In a few words, GeoUtils can be described as a **convenience package for end-users focusing on geospatial analysis**. It allows to write shorter
code through consistent higher-level operations, implicit object behaviour and interfacing. In addition, GeoUtils adds several analysis-oriented
functions that require many steps to perform with other packages, and which are robustly tested.

GeoUtils is designed for all Earth and planetary observation science. However, it is generally **most useful for surface applications that rely on
moderate- to high-resolution data** (requiring reprojection, re-gridding, point interpolation, and other types of fine-grid analysis).

GeoUtils is built on top of [Rasterio](https://rasterio.readthedocs.io/en/latest/), [GeoPandas](https://geopandas.org/en/stable/docs.html)

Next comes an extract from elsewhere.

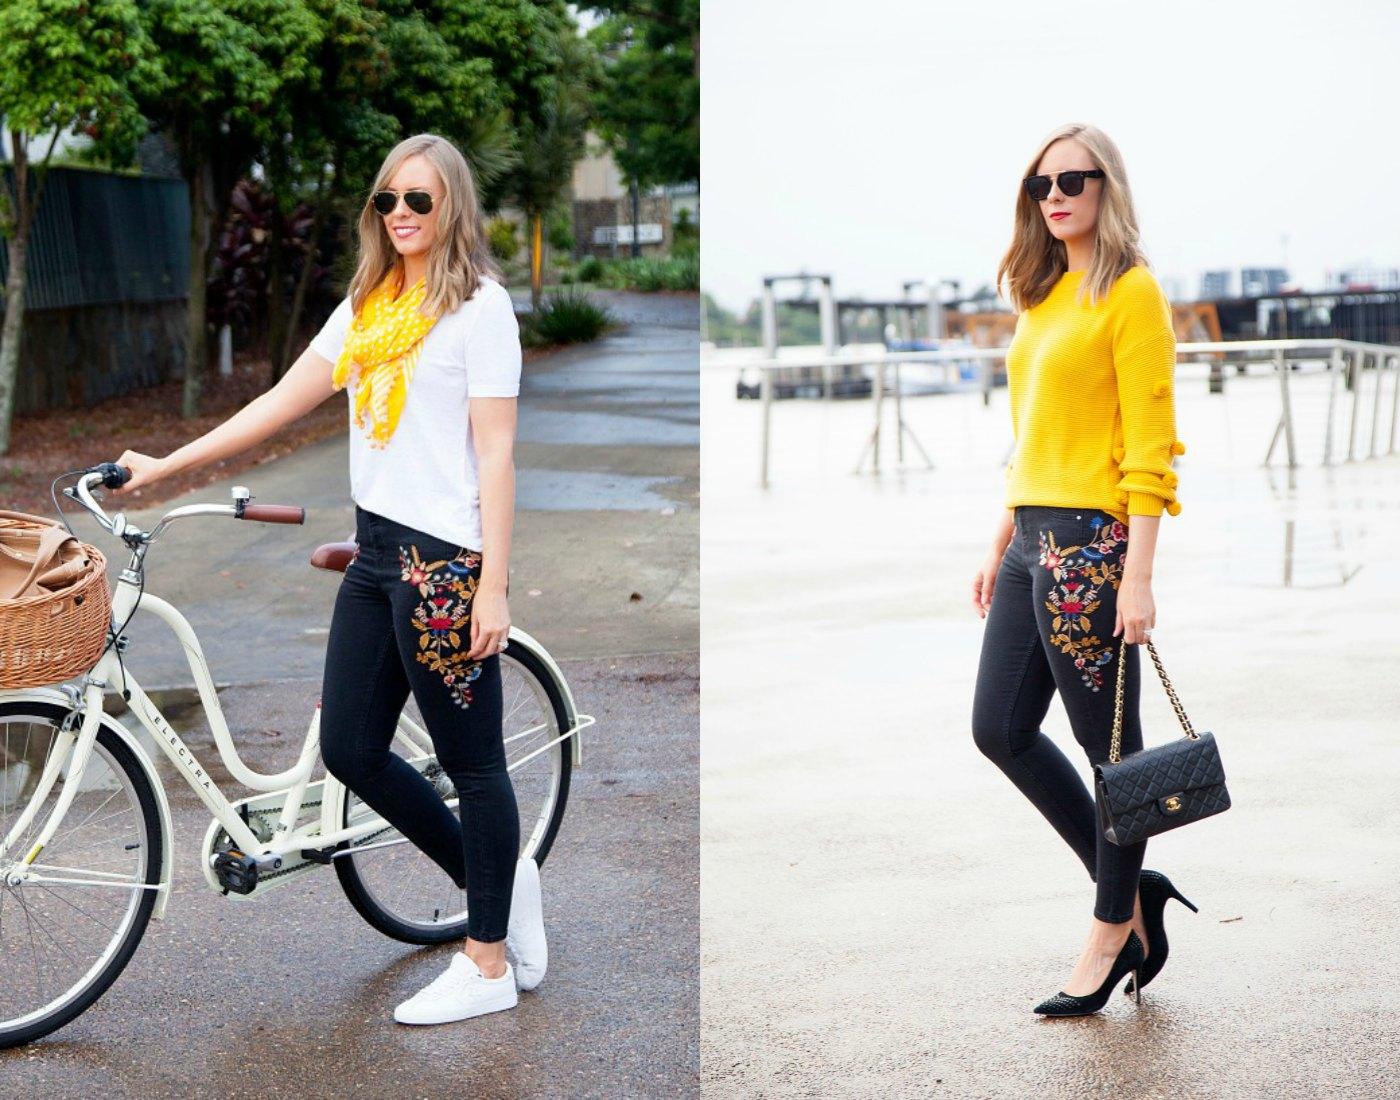 marigold fashion trend outfit ideas fashion blogger lauren slade

and [PyProj](https://pyproj4.github.io/pyproj/stable/index.html) for georeferenced operations, and relies on [NumPy](https://numpy.org/doc/stable/),
[SciPy](https://docs.scipy.org/doc/scipy/) and [Xarray](https://docs.xarray.dev/en/stable/) for scientific computing to provide:
- A **common and consistent framework** for efficient raster, vector and point data handling,
- A structure following the **principal of least knowledge**<sup>2</sup> to foster accessibility,
- A **pythonic arithmetic** and **NumPy interfacing** for numerical computing.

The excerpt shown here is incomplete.